Le second type d’intermédiaires sont en revanche des spécialistes de la spéculation. Ils traversent la centaine de mètres en pente qui séparent le marché d’Agadir du marché couvert, pour acheter des produits qu’ils revendent jusqu’à 5 DH plus cher par cagette.

Sur le marché de gros couvert, les produits achetés à partir du marché d’Agadir sont jetés à même le sol. Ils sont triés et parfois emballés. "Tout y est vendu beaucoup plus cher aux grandes surfaces et à certains particuliers notamment”, nous assure un des intermédiaires que nous avons rencontrés.

Mais combattre ces intermédiaires est-il une solution pour atténuer la flambée des prix de fruits et de légumes ? "Cela fait sept ans que je travaille sur ce marché.
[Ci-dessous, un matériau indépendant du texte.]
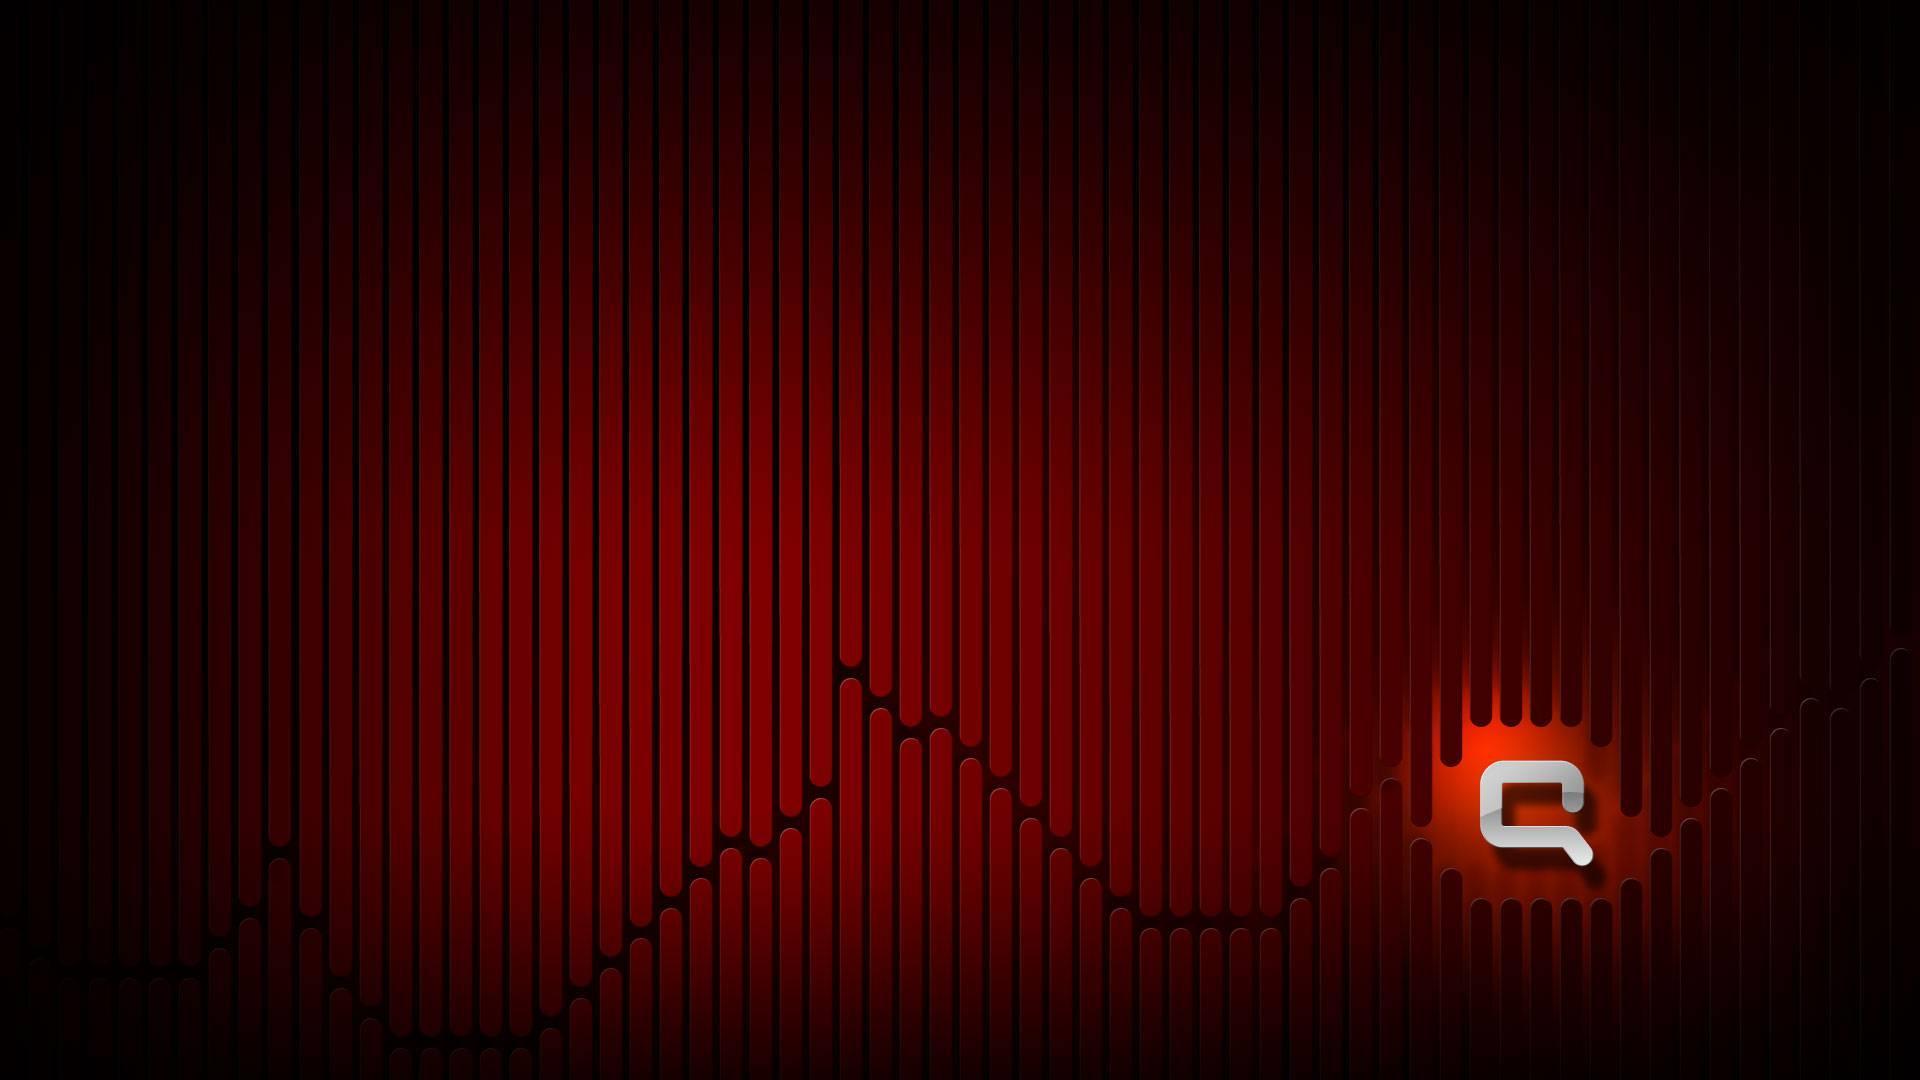 Compaq hd wallpaper widescreen wallpapersafari - Hp screensaver ...

Les intermédiaires ont toujours existé, mais il n’ont jamais impacté les prix à ce point", nous assure un grossiste.

Toutefois, certains opérateurs ont pointé du doigt les spéculateurs qui sévissent entre le marché de gros et les marchés de quartiers, s’assurant au passage des marges bénéficiaires très juteuses.

Pour Jawad, grossiste et fils d’agriculteur, au-delà des intermédiaires, les nouveaux horaires de fermeture et d’ouverture du marché ont également eu un effet négatif sur les prix pratiqués. "Avant l’instauration des nouveaux horaires, les prix baissaient en fin de journée, ce qui n’est plus le cas actuellement",  témoigne-t-il.

Depuis une semaine, le marché de gros ouvre ses portes de 3 heures du matin à 14 heures. Une nouvelle mesure destinée à couper l’herbe sous le pied "des intermédiaires et spéculateurs", assure de son coté Jaafar Essabbane, le directeur du marché.

"Les personnes qui sont contre ce changement d’horaire sont des spéculateurs qui ont l’habitude d’arriver avant tout le monde et d’acheter les meilleurs produits pour les revendre beaucoup plus cher" ajoute-t-il, tout en confiant que "d’ici au mois de mars, les tarifs vont progressivement baisser du fait de températures plus clémentes et donc d’un approvisionnement plus important".